→ Exercise brief:
Reproduce from the records below, with no pictures, exactly the lines between the one containing "We Are All Fools In Love Charm Bracelet" and the one containing "Plus500 – Best for Active Forex Trading", inclusive.

:: Given information ::

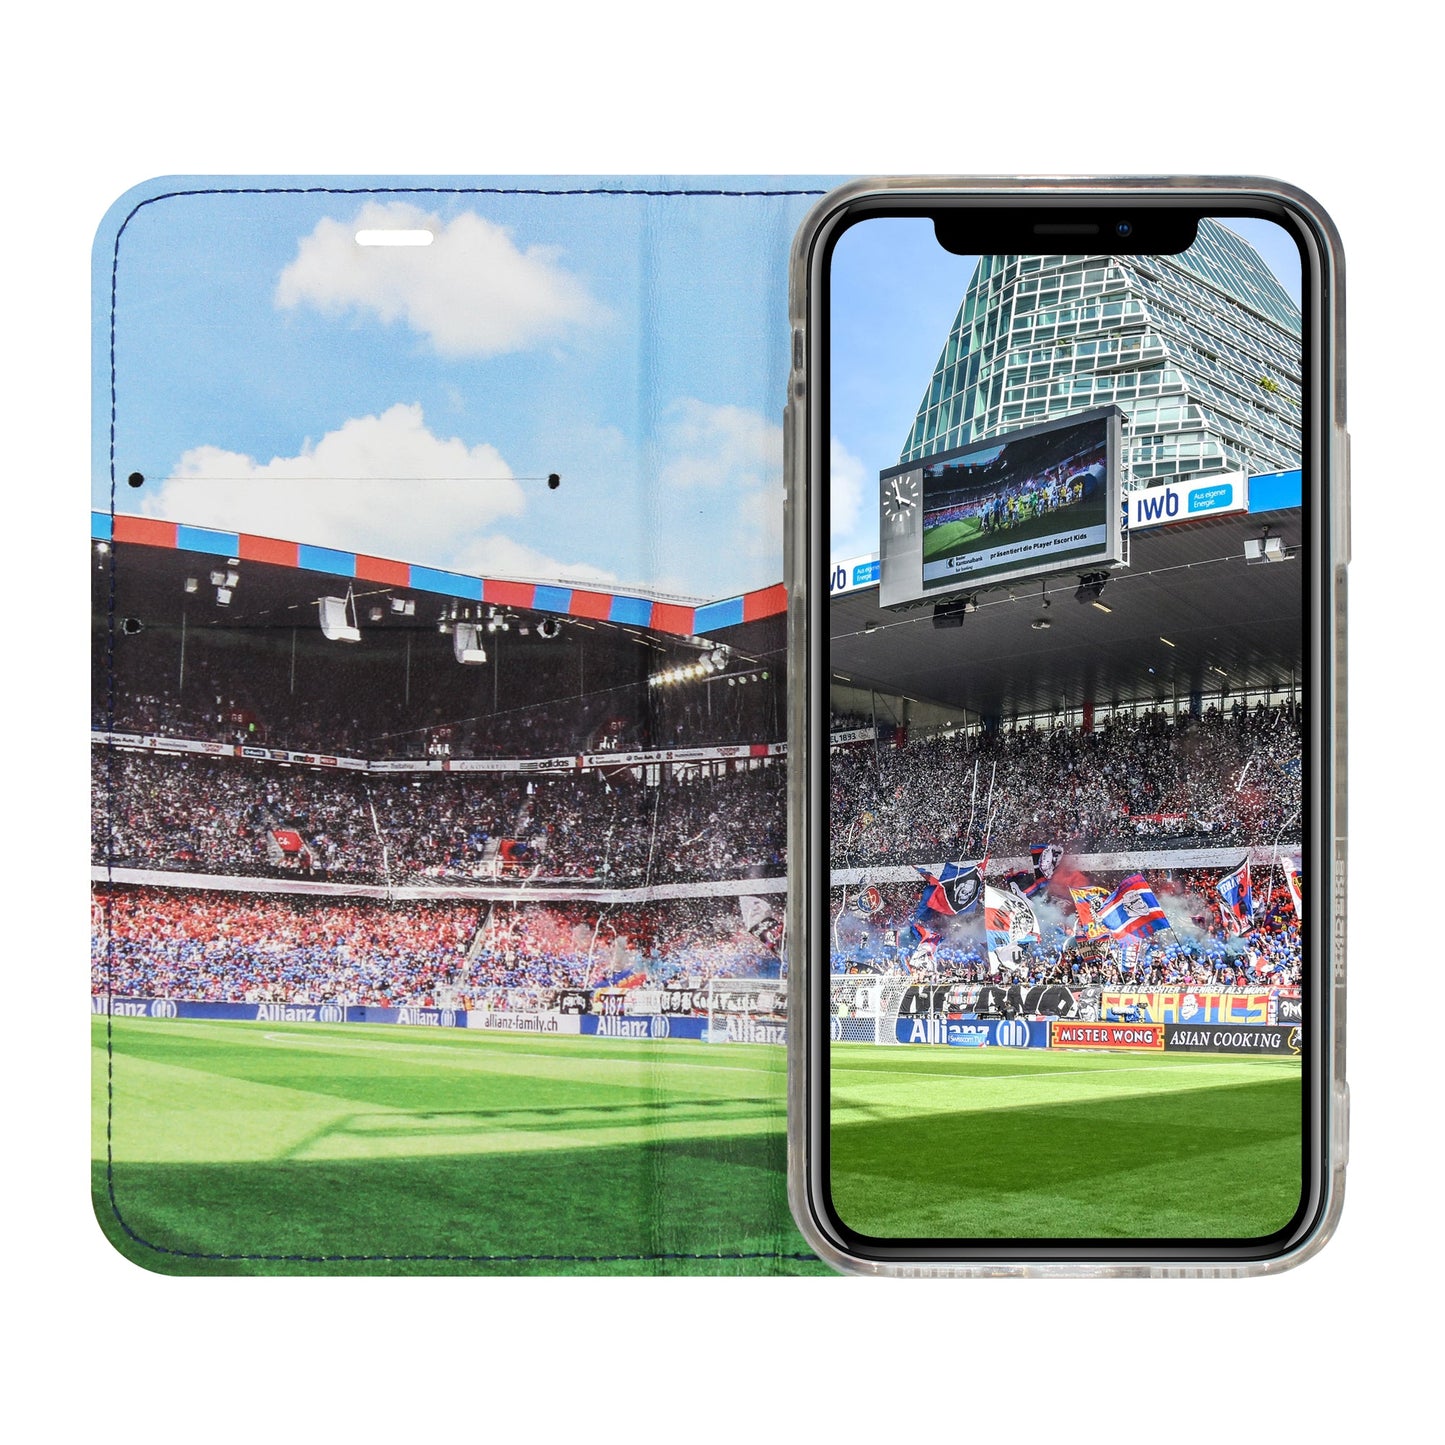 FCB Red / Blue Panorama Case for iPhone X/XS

:::
:: Given information ::

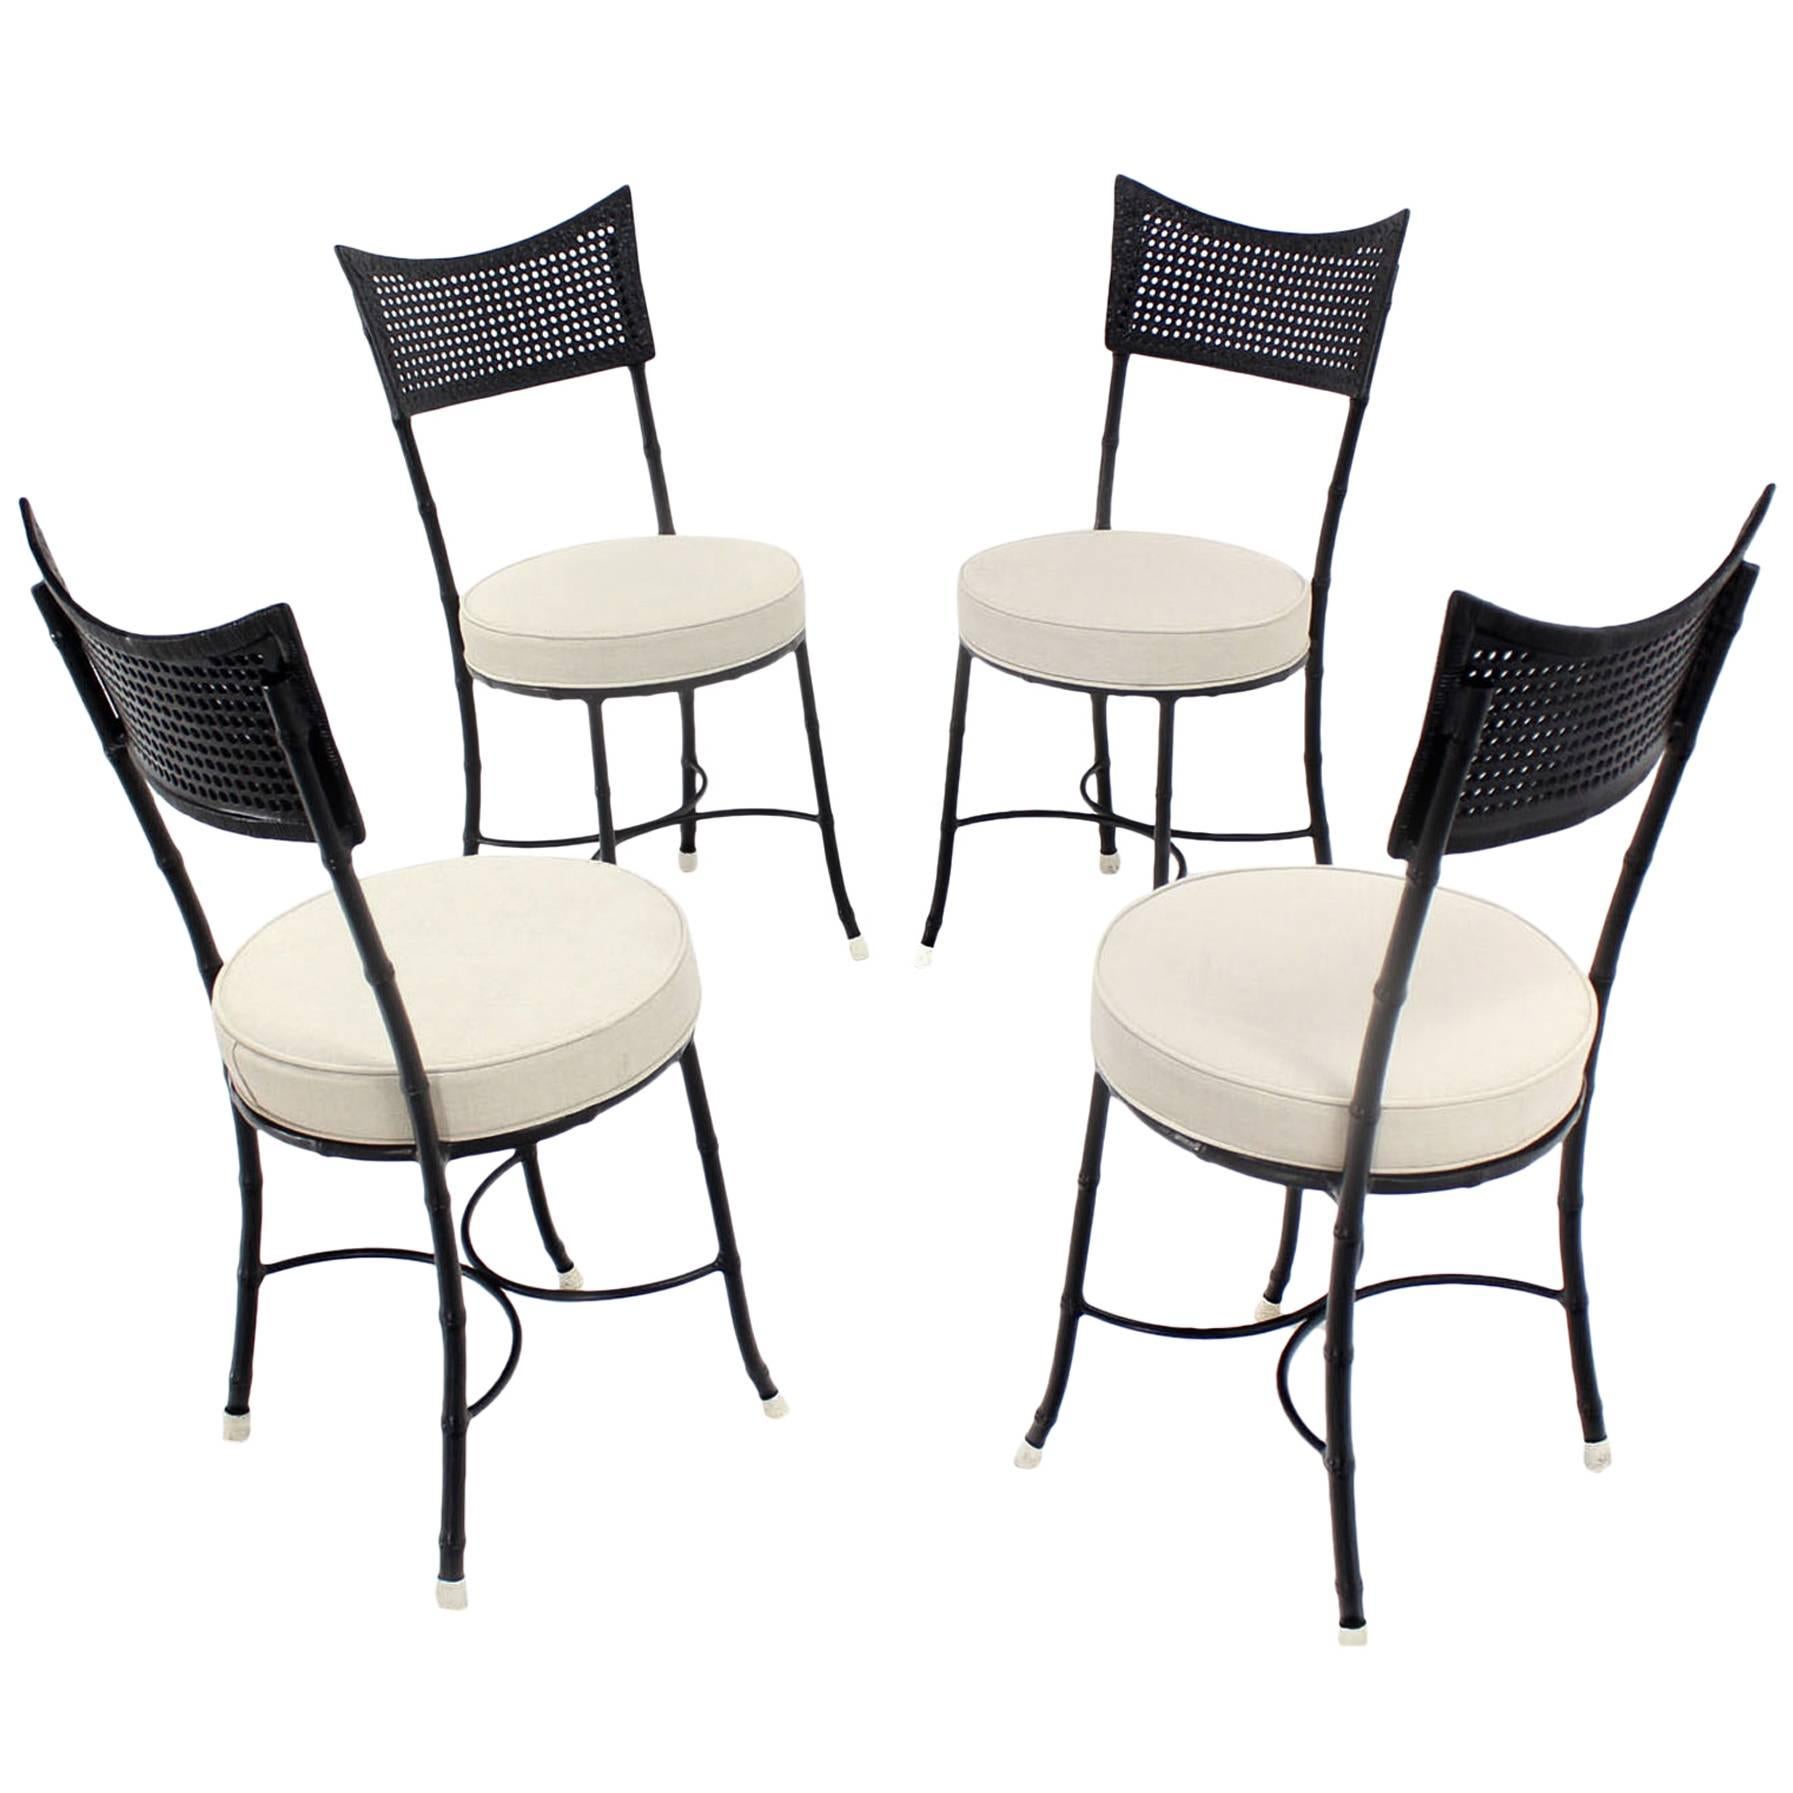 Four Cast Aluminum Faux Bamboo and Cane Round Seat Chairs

:::
:: Given information ::

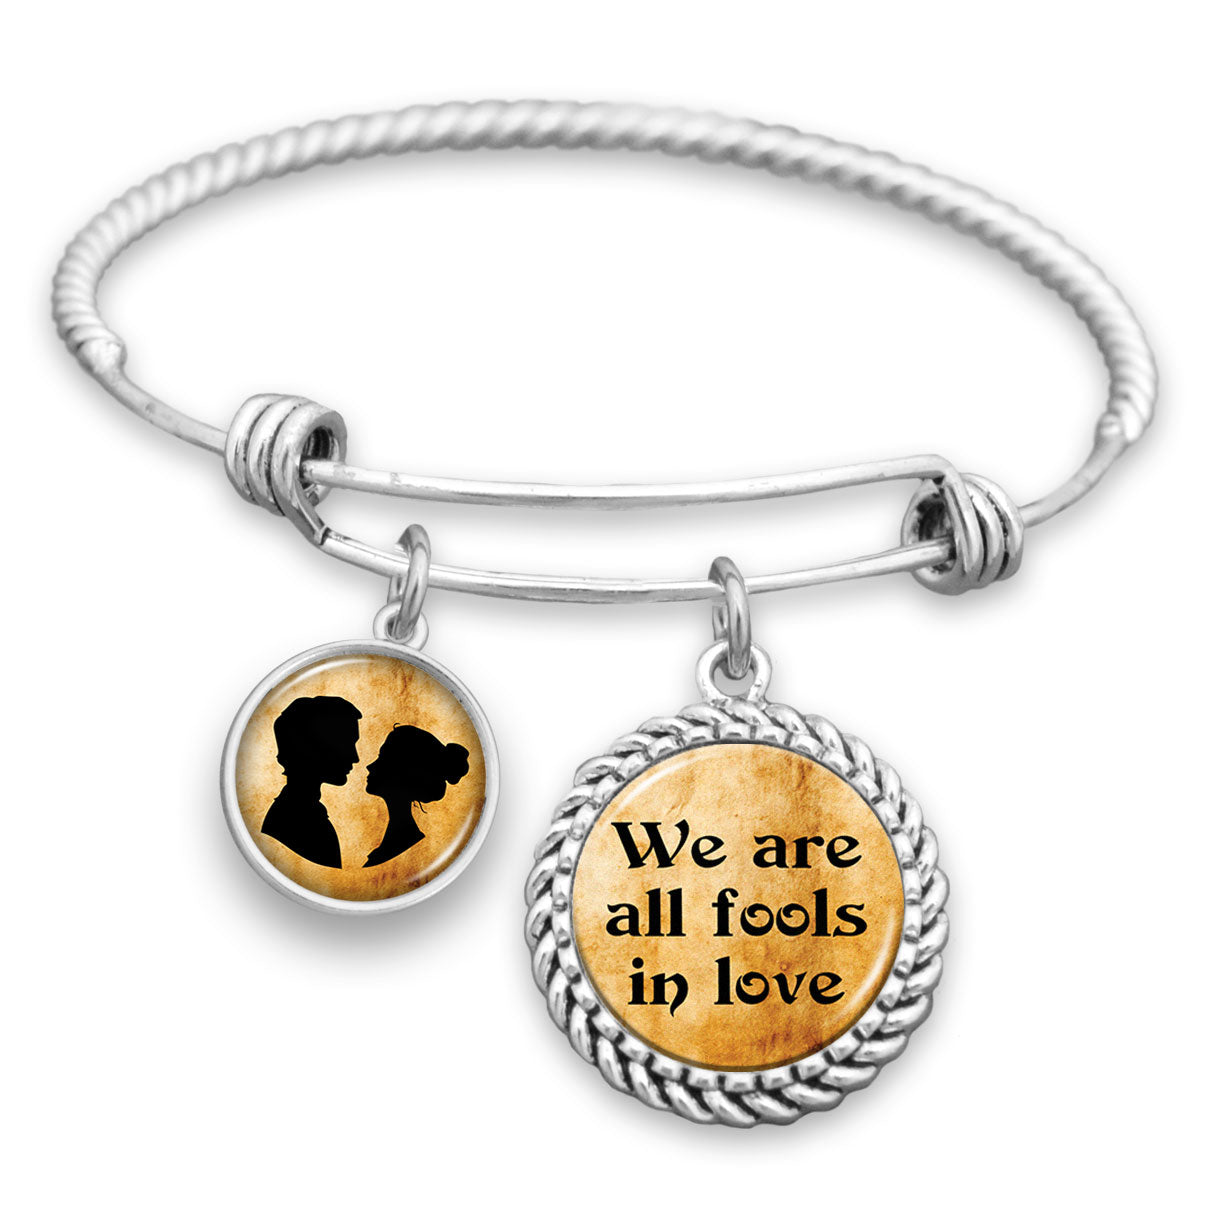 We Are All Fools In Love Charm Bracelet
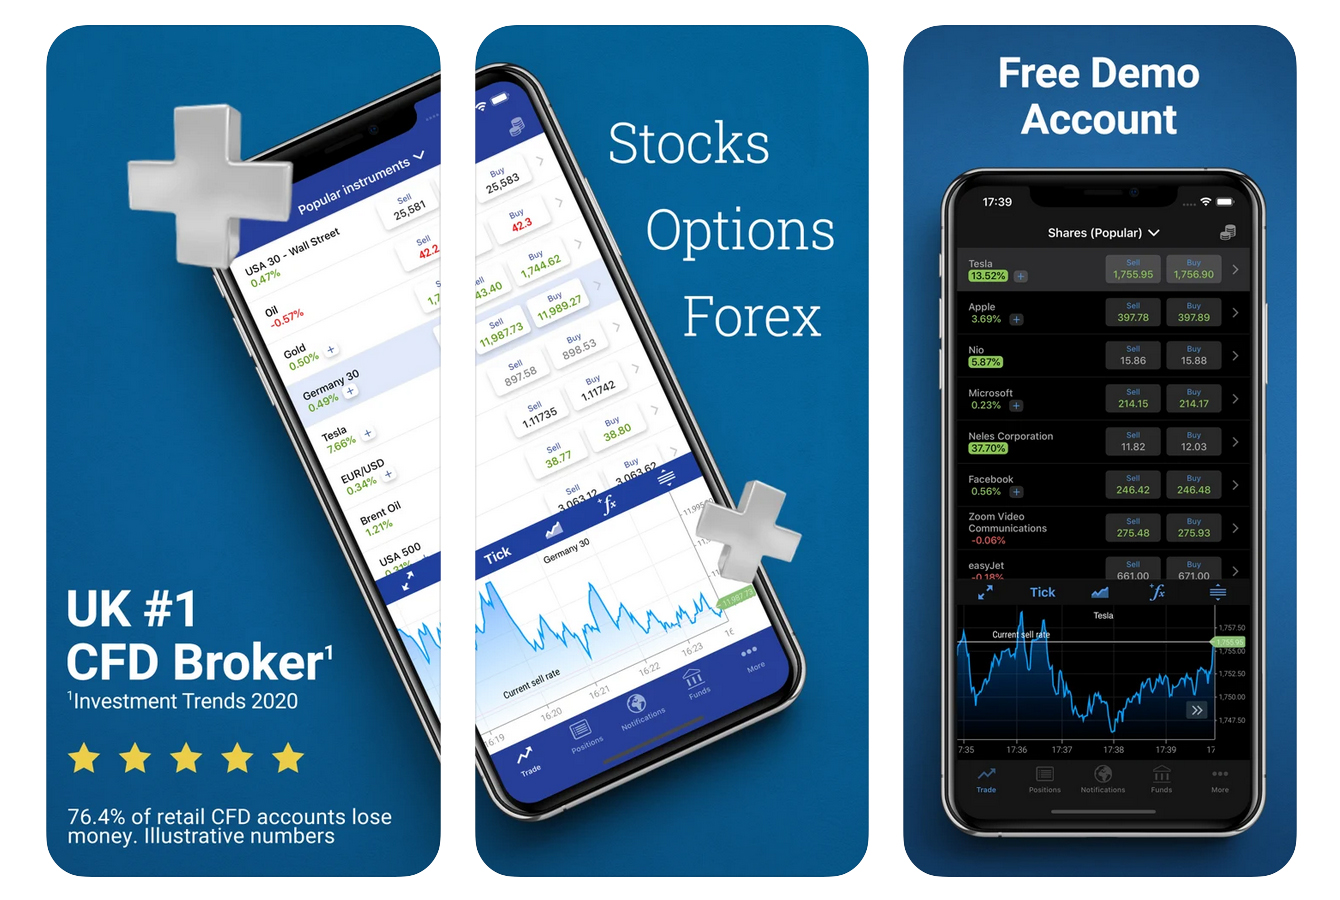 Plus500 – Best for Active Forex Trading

:::

→ Response area:
 We Are All Fools In Love Charm Bracelet
 Plus500 – Best for Active Forex Trading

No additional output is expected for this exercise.